Now generate another string of characters that will serve as a pre-shared key
openssl rand -base64 16
Sample Output:
hGR7wyZ3d6U3FeFqafYe
With this, we can start downloading and executing the script mentioned above.
Regarding Debian and Ubuntu, just run this command
wget https://git.io/vpnsetup -O vpnsetup.sh && VPN_IPSEC_PSK='hGR7wyZ3d6U3FeFqafYe' VPN_USER='user' VPN_PASSWORD='u2juWyRzp7DgUrp3' sudo sh vpnsetup.sh
And for Rocky Linux 8 / Alma Linux 8 you have to run this command:
wget https://git.io/vpnsetup-centos -O vpnsetup.sh && VPN_IPSEC_PSK='hGR7wyZ3d6U3FeFeFqafYe' VPN_USER='user' VPN_PASSWORD='u2juWyRzp7DgUrp3' sudo sh vpnsetup.sh
Remember that the values of `VPN_IPSEC_PSK`, `VPN_USER`, and `VPN_PASSWORD` have to be set with single quotes.
Once the script starts, it will start the entire process of installing dependencies and configurations.
In the end, you will see a screen like the following with the login credentials that you have to write down because you will need them when connecting to a client.
Adding/removing a new VPN User
We have created an initial user, but over time it is necessary to create others. To achieve this, we have another script called `add_vpn_user.sh`.
First, download it
wget -O add_vpn_user.sh https://raw.githubusercontent.com/hwdsl2/setup-ipsec-vpn/master/extras/add_vpn_user.sh
And then, create the new user using the following syntax:
sudo sh add_vpn_user.sh 'username' 'password'
There, you have to replace `username` with one of your own and assign it a secure password.

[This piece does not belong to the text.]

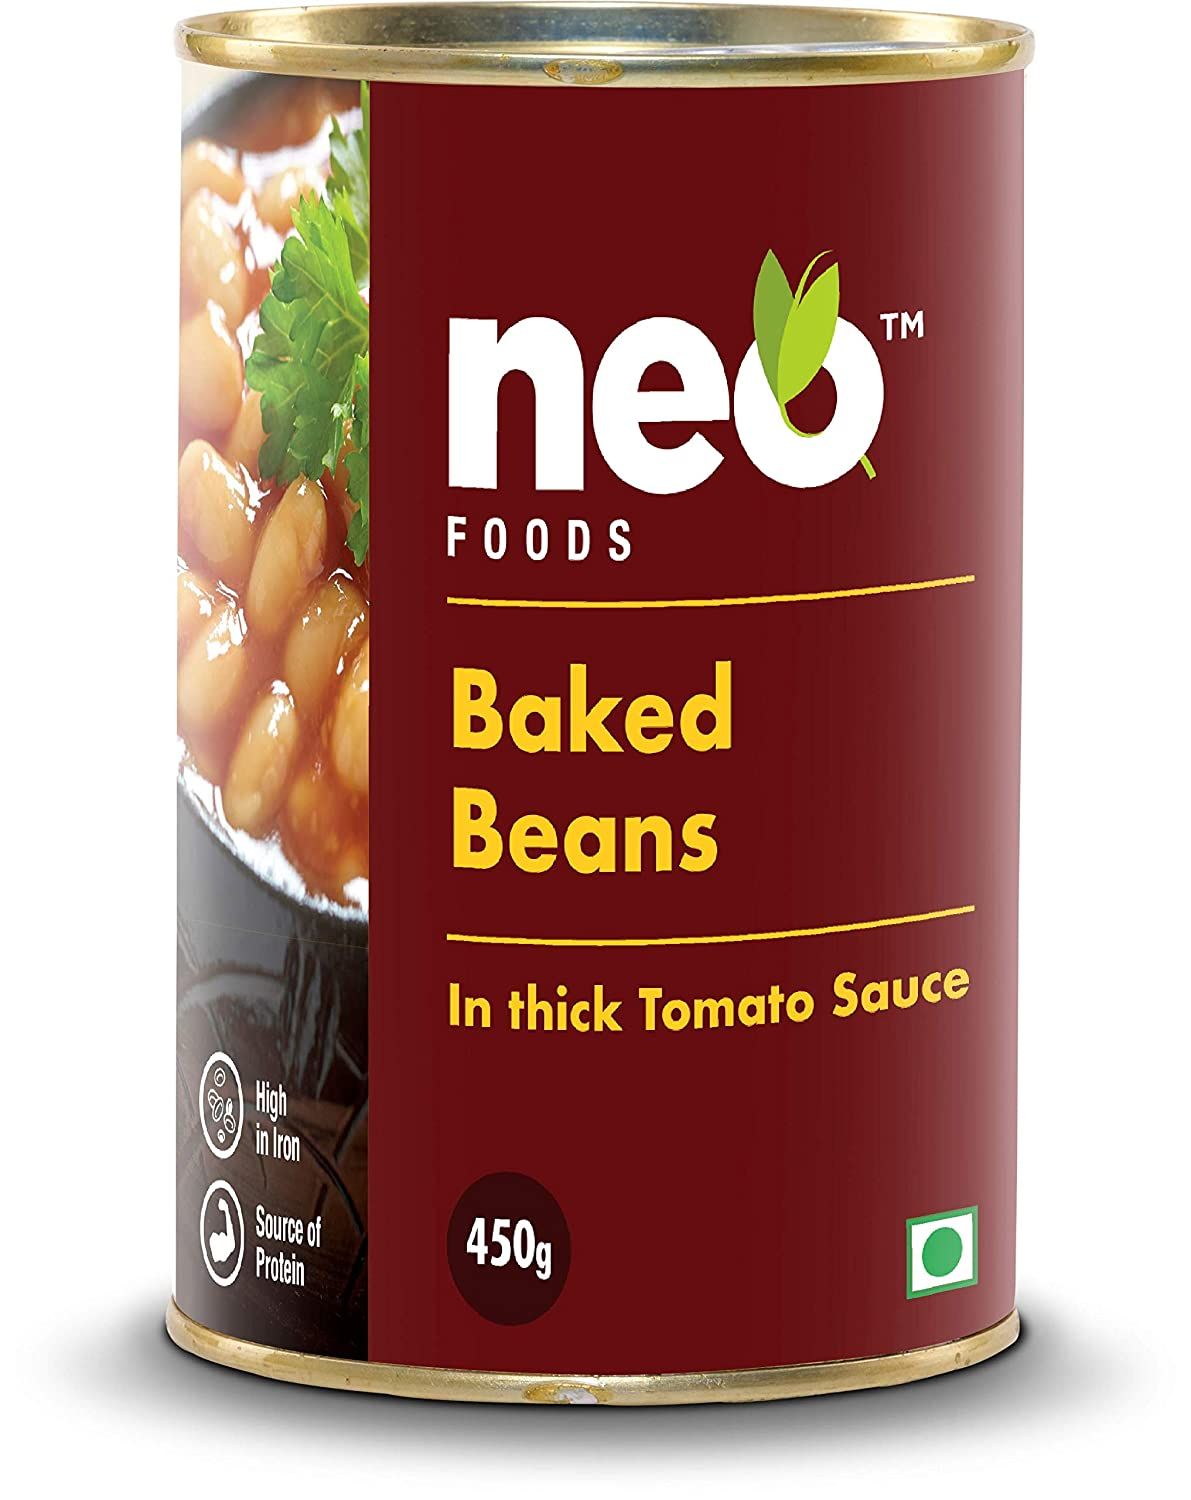 Neo Baked Beans in Tomato Sauce Image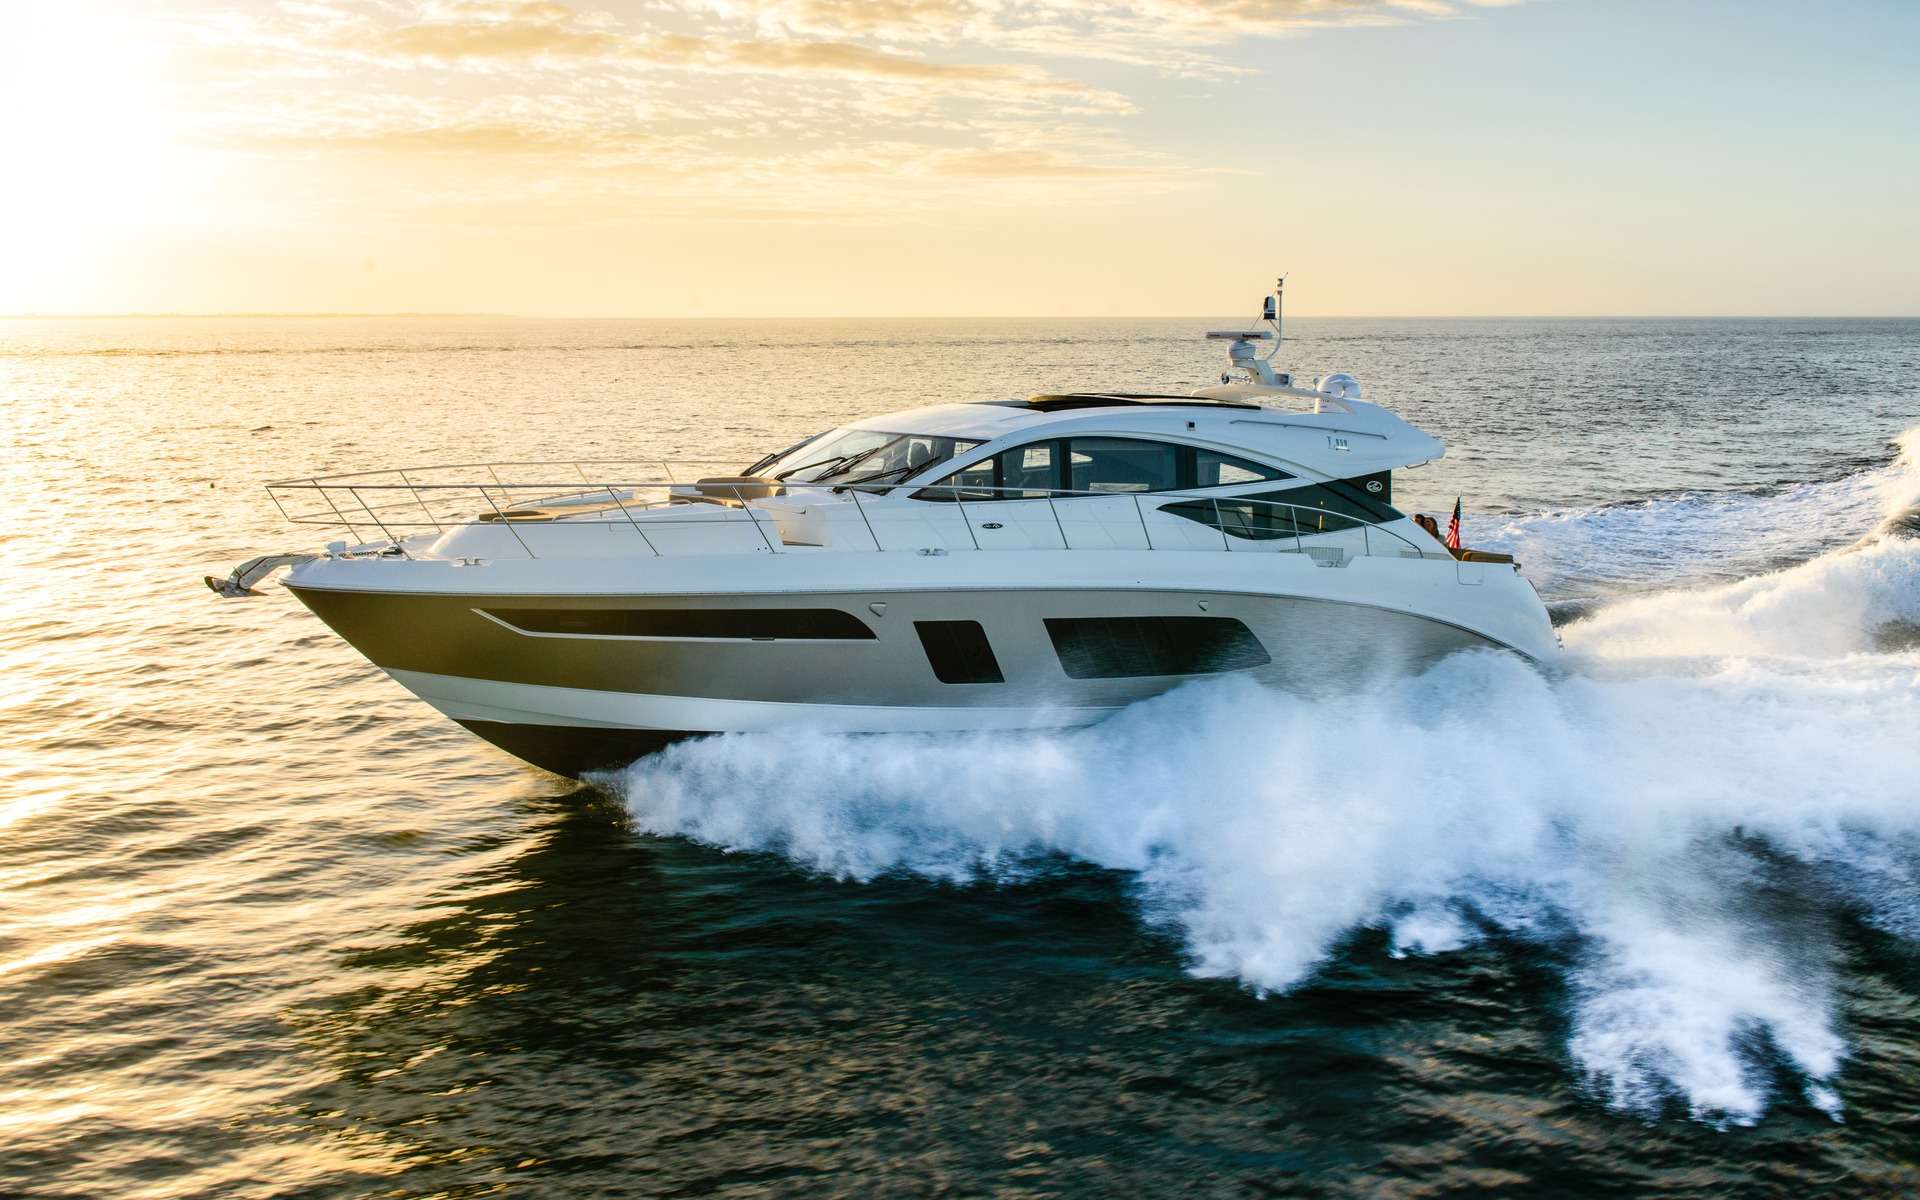 2018 Sea Ray L650 - Full technical specifications, price, engine - The Boat  Guide

And to remove it, you have to download and run the script `del_vpn_user.sh`.
wget -O del_vpn_user.sh https://raw.githubusercontent.com/hwdsl2/setup-ipsec-vpn/master/extras/del_vpn_user.sh
And run it as follows:
sudo sh del_vpn_user.sh 'username'.
Replace `username` with the user you want to remove.
Conclusion
Having a secure VPN is possible on Linux thanks to the IPsec protocol. In this post, we have told you in detail how to create IPsec VPN Server on Linux.